This DID system forms the foundation of trust and identity verification across the entire UPlanet ecosystem, enabling secure authentication, ownership verification, and inter-user interactions.

Comparison to Generic Blob Storage (e.g., Blossom)

While sharing the fundamental use of Nostr for authentication, UPlanet differentiates itself from more generic Nostr-based blob storage specifications like Blossom (BUDs) in its scope and approach:

  • Blossom: Focuses on a low-level HTTP API for storing and retrieving arbitrary "blobs" addressed by SHA256 hashes on media servers. It is a fundamental building block for content distribution on Nostr.
  • UPlanet: Operates at a higher application layer. It is a structured "Personal IPFS Drive" system that uses IPFS for storage and uses Nostr for identity and authentication. Its "Twin-Key" mechanism (NIP-101 GeoKeys and other associated keys) provides a holistic, unified identity across geographic data, IPFS content, and potential other blockchain assets. It provides a complete user experience with a pre-built web interface and specific features like incremental updates and structured content organization.

Dedicated Nostr Relay with Strfry and Custom Filters

UPlanet leverages a dedicated strfry Nostr relay, configured with custom write policies to integrate seamlessly with the UPlanet ecosystem, enabling authenticated actions and AI-driven responses.

1. Strfry Compilation and Installation (install_strfry.sh)

The install_strfry.sh script automates the setup of the strfry Nostr relay:

  • Dependency Installation: It ensures all necessary system dependencies (e.g., git, g++, make, libssl-dev, liblmdb-dev) are installed on Debian/Ubuntu-based systems.
  • Source Management: The script clones the strfry repository from GitHub into ~/.zen/workspace/strfry or updates it if already present.
  • Compilation: It compiles strfry from source, ensuring the latest features and optimizations.
  • Installation: The compiled strfry binary and its default strfry.conf are copied to ~/.zen/strfry/, with the configuration adapted for broader network access (bind = "0.0.0.0"). This setup allows strfry to be a local relay dedicated to the UPlanet instance.

2. Systemd Installation and Setup (setup.sh)

After strfry is compiled, the setup.sh script configures the strfry relay and prepares it for Systemd management:

  • Configuration Generation: It dynamically generates the strfry.conf file in ~/.zen/strfry/strfry.conf based on variables from the UPlanet environment (e.g., UPLANETG1PUB, IPFSNODEID, CAPTAINHEX, CAPTAINEMAIL).
  • Relay Information: The strfry.conf includes NIP-11 metadata such as the relay's name (e.g., "♥️BOX IPFSNODEID"), description (highlighting its role in UPlanet), pubkey (the UPlanet Captain's public key for administration), and an icon URL.
  • Write Policy Plugin: Crucially, it sets the writePolicy.plugin parameter in strfry.conf to point to "$HOME/.zen/workspace/NIP-101/relay.writePolicy.plugin/all_but_blacklist.sh". This delegates the event acceptance/rejection logic to a custom script, enabling UPlanet's specific filtering rules.

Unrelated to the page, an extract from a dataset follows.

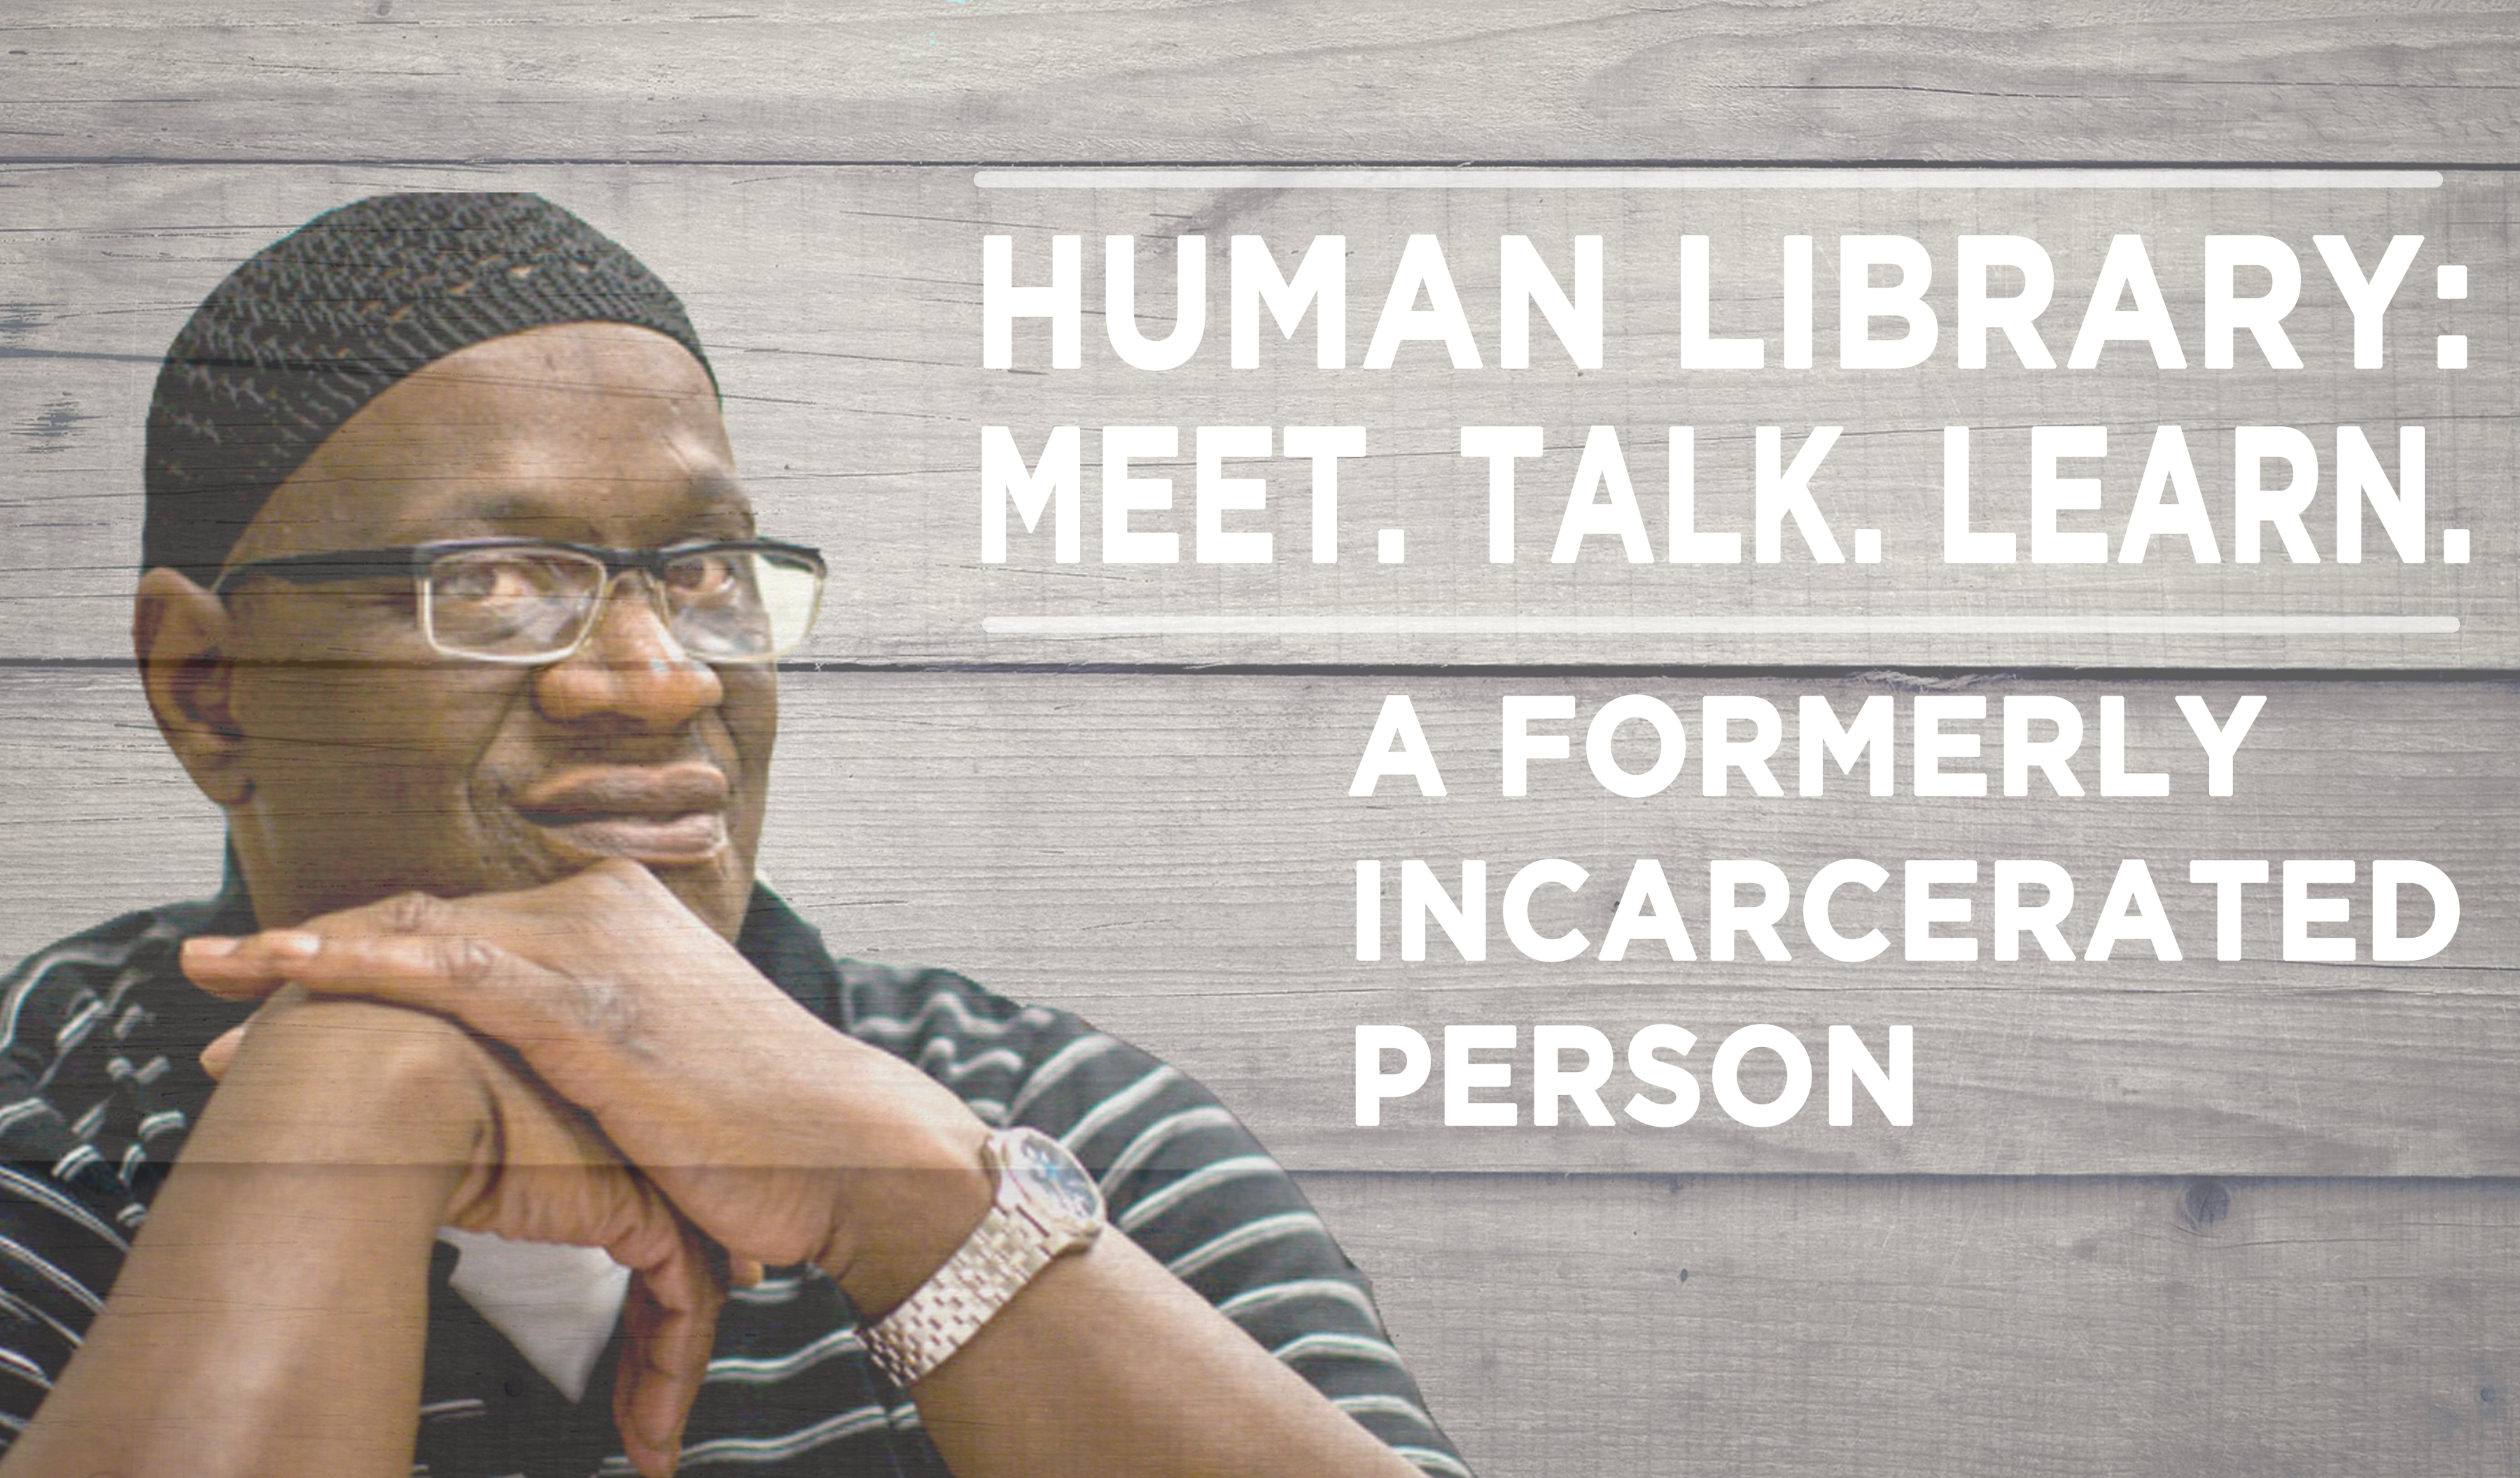 Human Library Logo2 - Incarcerated Person

3. Specific Filters and AI Integration

UPlanet's relay implements several layers of filtering to manage events and trigger AI responses:

  • relay.writePolicy.plugin/all_but_blacklist.sh (Main Write Policy):

    • This is the primary script executed by strfry for every incoming event.
    • Its core function is to implement a "whitelist by default, with blacklist exceptions" policy: it accepts all events unless the pubkey of the event's author is found in ~/.zen/strfry/blacklist.txt.
    • For kind 1 (text) events, it dynamically calls filter/1.sh to apply more specific UPlanet-related logic.
    • Events from blacklisted public keys are immediately rejected.
  • relay.writePolicy.plugin/filter/1.sh (Kind 1 Event Filter):

    • This script specifically handles kind 1 Nostr events, which are primarily text notes.
    • Visitor Management: For pubkeys not registered as UPlanet "players," it implements a "Hello NOSTR visitor" mechanism. New visitors receive a warning message from the UPlanet Captain's key, explaining the system and limiting the number of messages they can send before being blacklisted. This encourages users to join the UPlanet Web of Trust.
    • Memory Management: It uses short_memory.py to store conversation history for Nostr players, but only when messages contain the #rec tag. This allows users to control what gets stored in their AI memory, providing privacy and storage efficiency.
    • AI Triggering: It acts as an orchestrator for the UPlanet_IA_Responder.sh script. If the UPlanet_IA_Responder.sh is already running, it queues incoming messages (especially those with #BRO or #BOT tags) to prevent overwhelming the AI. If the AI is not active, it directly invokes UPlanet_IA_Responder.sh with a timeout.
  • Astroport.ONE/IA/UPlanet_IA_Responder.sh (AI Backend):

    • This is the core AI logic script, responsible for generating responses based on incoming kind 1 messages, typically triggered by filter/1.sh.
    • Tag-Based Actions: It parses specific hashtags within the message content to trigger various AI functionalities:
      • #search: Integrates with a search engine (e.g., Perplexica) to retrieve information.
      • #image: Commands an image generation AI (e.g., ComfyUI) to create images based on the prompt.
      • #video: Utilizes text-to-video models (e.g., ComfyUI) to generate short video clips.
      • #music: Triggers music generation.
      • #youtube: Downloads YouTube videos (or extracts audio with #mp3 tag) via process_youtube.sh.
      • #pierre / #amelie: Converts text to speech using specific voice models (e.g., Orpheus TTS).
      • #mem: Displays the current conversation history.
      • #rec: Records the message in AI memory (both user and UMAP memory). This tag is required for any message to be stored in the conversation history.
      • #reset: Clears the user's conversation memory.
    • Ollama Integration: For general questions without specific tags, it uses Ollama with a context-aware question.py script to generate conversational AI responses, leveraging the stored memory (only messages tagged with #rec are available for context). The question.py script loads conversation history from either UMAP memory (based on latitude/longitude) or user memory (based on pubkey) and includes it as context in the AI prompt.
    • Response Publishing: AI-generated responses are signed by the UPlanet Captain's key (or the KNAME's key if specified and available) and published back to the Nostr relay as kind 1 events, specifically tagging the original event and public key to maintain thread context (e and p tags).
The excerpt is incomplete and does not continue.